Why, then, does the food movement barely even mention the nation's largest grassroots food access initiative, the one developed in those very same communities decades before by the BPP?
It wasn't until I began to collaborate directly with urban food justice activists - a people-of-color-led subset of the food movement -- that I heard any real discussion of the Panthers at all. Food justice activists employ many of the same strategies that have come to characterize the broader food movement -- they build gardens, offer nutrition education, and develop local food markets. But in the food justice approach, cooking and eating are never simply about improving nutrition alone. Food is also a strategic organizing tool and a critical conversation starter, all in support of a multi-ethnic movement for social and environmental justice.
If that narrative sounds familiar, it's because the legacy of the Black Panther Party looms large in the work of the food justice movement. Several former Black Panthers have remained committed to developing food-related programs, while many young food justice activists have taken the Panthers' revolutionary message to heart. At least one active food justice group -- Community Services Unlimited, Inc. in South Los Angeles -- was actually founded in the mid-1970s as the non-profit arm of a reformulated BPP chapter.
Operating in a vastly different historical and economic moment, today's food justice groups echo many of the Black Panther Party's fundamental critiques of racism and capitalism, although they do tend to emphasize the BPP's commitment to grassroots community action over and above its armed militancy.
They also face a number of similar strategic and economic challenges -- finding a sustainable economic model to fund a radical social movement is no easier now than it was then.

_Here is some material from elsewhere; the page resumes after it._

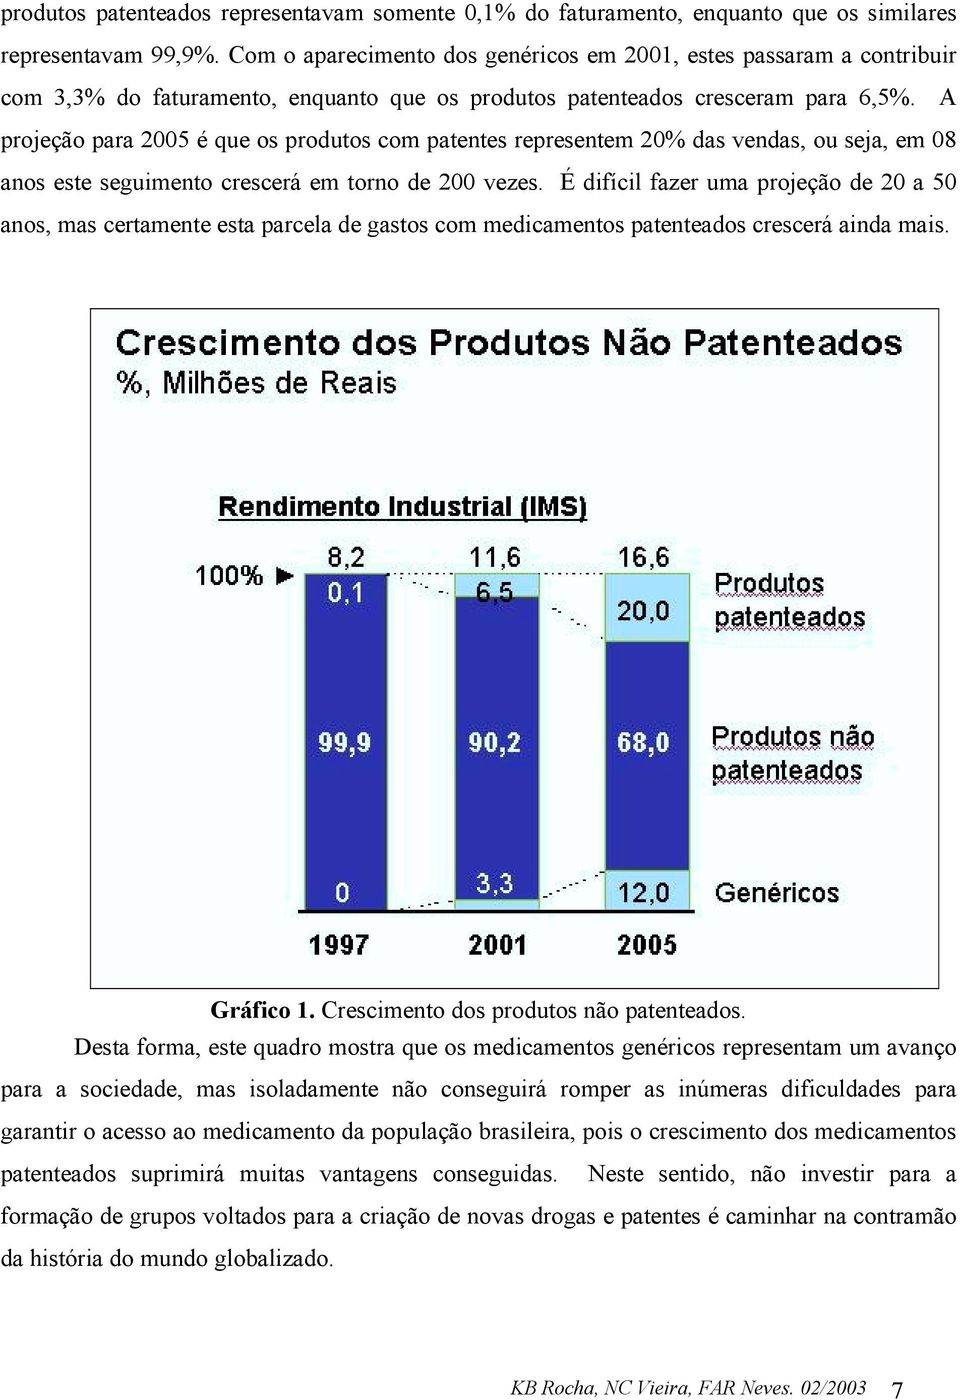 A projeção para 2005 é que os produtos com patentes representem 20% das vendas, ou seja, em 08 anos este seguimento crescerá em torno de 200 vezes.

And while the Panthers had to fight back against government repression in their time, today's food justice activists struggle to navigate the demands of the "nonprofit industrial complex."
Ultimately, as former Panther Chief of Staff David Hilliard described at a food justice event in 2011, "We've always been involved in food, because food is a very basic necessity, and it's the stuff that revolutions are made of."
For a better understanding of the Black Panther Party, and for a more just food system, it's a story we should tell more often.